A method for the detection of hydrocarbon pollution in soils by headspace mass spectrometry and pattern recognition techniques

Anal Chem. 2003 May 1;75(9):2034-41. doi: 10.1021/ac0263667.

Abstract

In the present work, we report a methodology for the rapid detection of soil pollution by hydrocarbons that is based on direct coupling of a headspace sampler with a mass spectrometer. With no prior treatment, the samples are subjected to the headspace generation process and the volatiles generated are introduced directly into the mass spectrometer, thereby obtaining a fingerprint of the sample analyzed. The mass spectrum corresponding to the mass/charge ratios (m/z) ranging between 49 and 160 atomic mass units (amu) contains the information related to the composition of the headspace and is used as the analytical signal for the characterization of the samples.
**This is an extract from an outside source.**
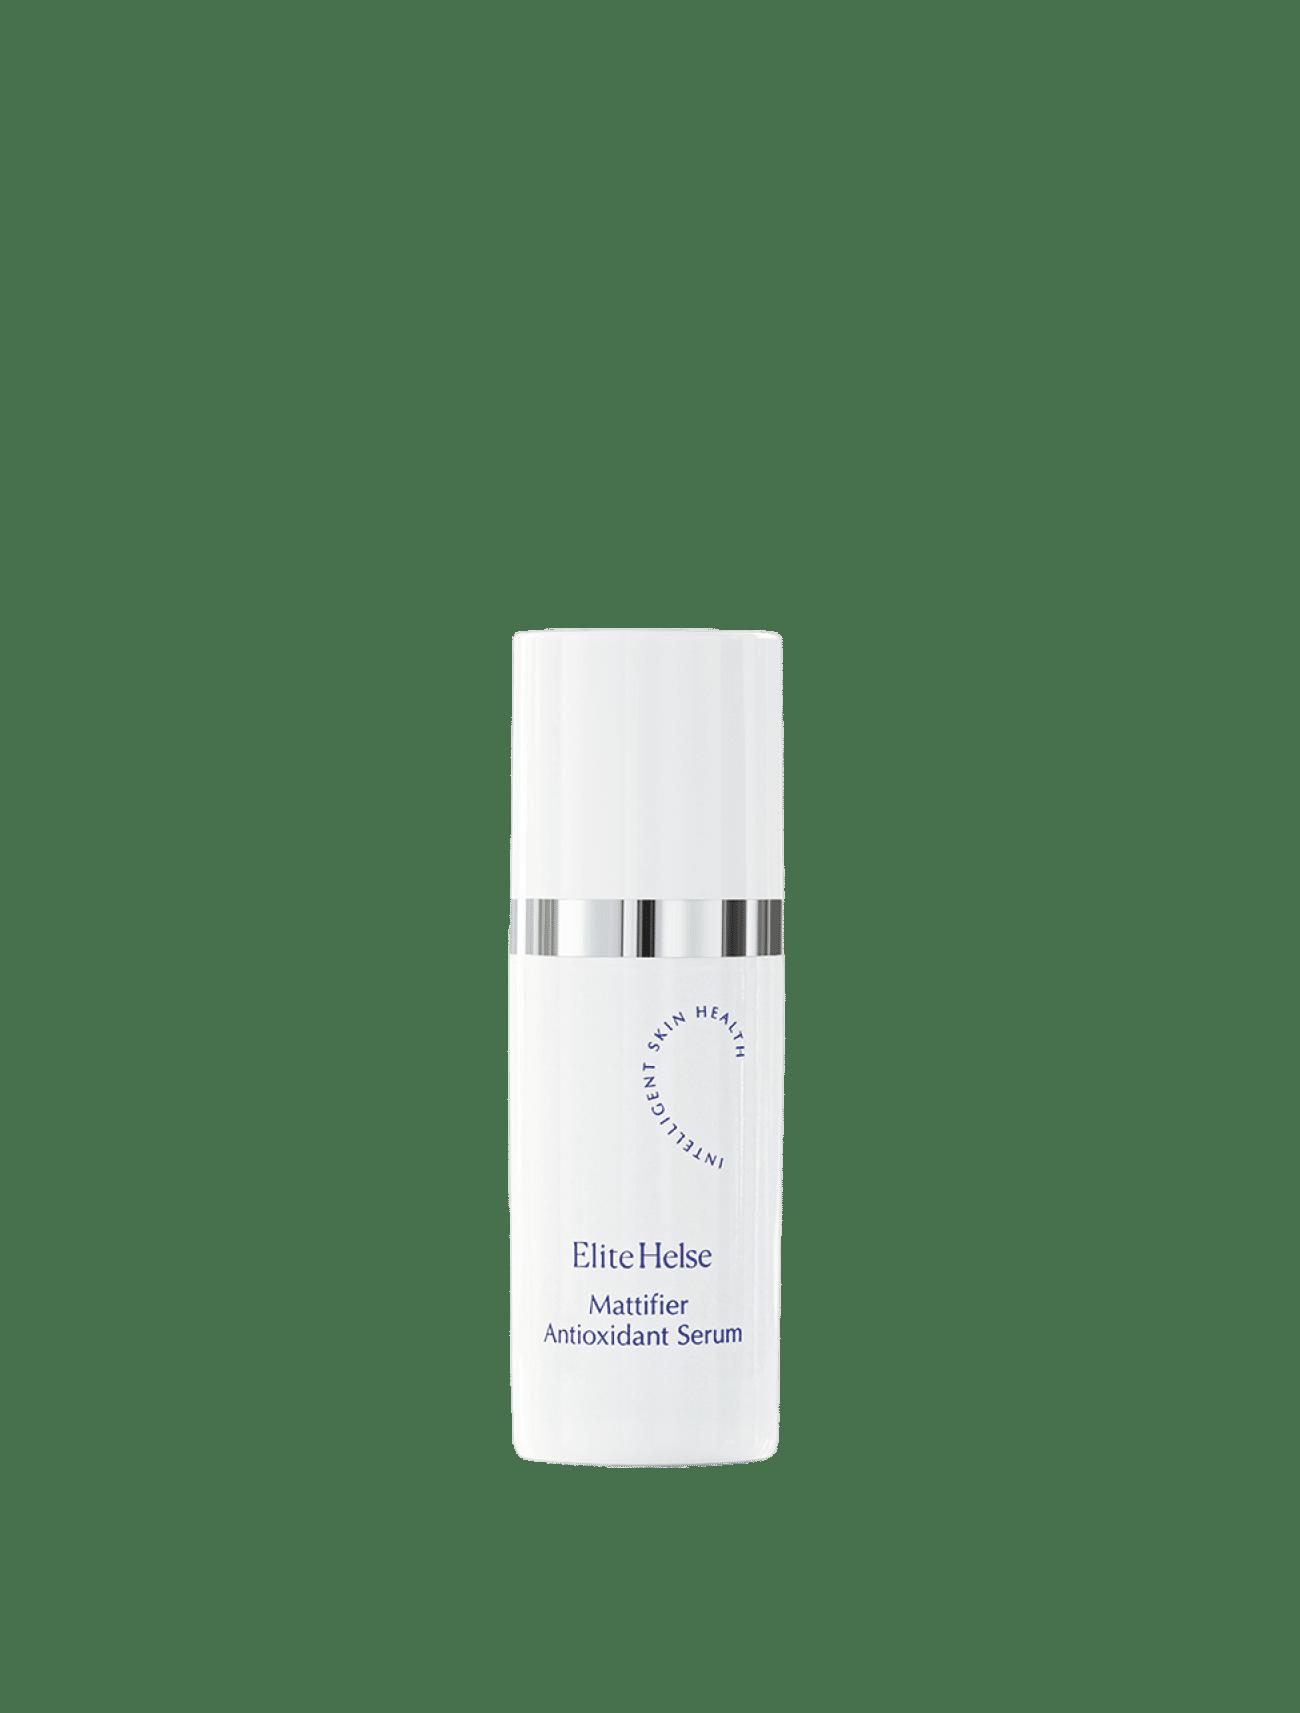 Matifier Antioxidant Serum

Chemometric treatments, such as hierarchical cluster analysis (HCA), linear discriminant analysis (LDA), and soft independent modeling class analogy (SIMCA) were used to characterize the different types of samples analyzed. The main advantage of the proposed methodology is that no prior chromatographic separation and no sample manipulation are required. The method is rapid, simple, and in view of the results, highly suitable for detecting pollution in soils polluted by hydrocarbons.